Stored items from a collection
━━━━━━━━━━━━━━━━
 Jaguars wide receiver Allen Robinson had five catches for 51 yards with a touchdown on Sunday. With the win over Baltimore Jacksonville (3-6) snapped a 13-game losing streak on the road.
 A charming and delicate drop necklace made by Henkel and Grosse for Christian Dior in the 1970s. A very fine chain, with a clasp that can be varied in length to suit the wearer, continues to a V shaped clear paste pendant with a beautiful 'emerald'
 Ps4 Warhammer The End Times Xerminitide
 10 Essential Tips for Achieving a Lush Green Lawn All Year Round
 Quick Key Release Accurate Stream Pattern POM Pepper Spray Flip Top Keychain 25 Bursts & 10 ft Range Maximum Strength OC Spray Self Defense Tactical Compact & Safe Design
━━━━━━━━━━━━━━━━
▶ _Exercise description_: The lines above that hold the word "with" are the ones to copy.

▶ _Result of the task_:
 Jaguars wide receiver Allen Robinson had five catches for 51 yards with a touchdown on Sunday. With the win over Baltimore Jacksonville (3-6) snapped a 13-game losing streak on the road.
 A charming and delicate drop necklace made by Henkel and Grosse for Christian Dior in the 1970s. A very fine chain, with a clasp that can be varied in length to suit the wearer, continues to a V shaped clear paste pendant with a beautiful 'emerald'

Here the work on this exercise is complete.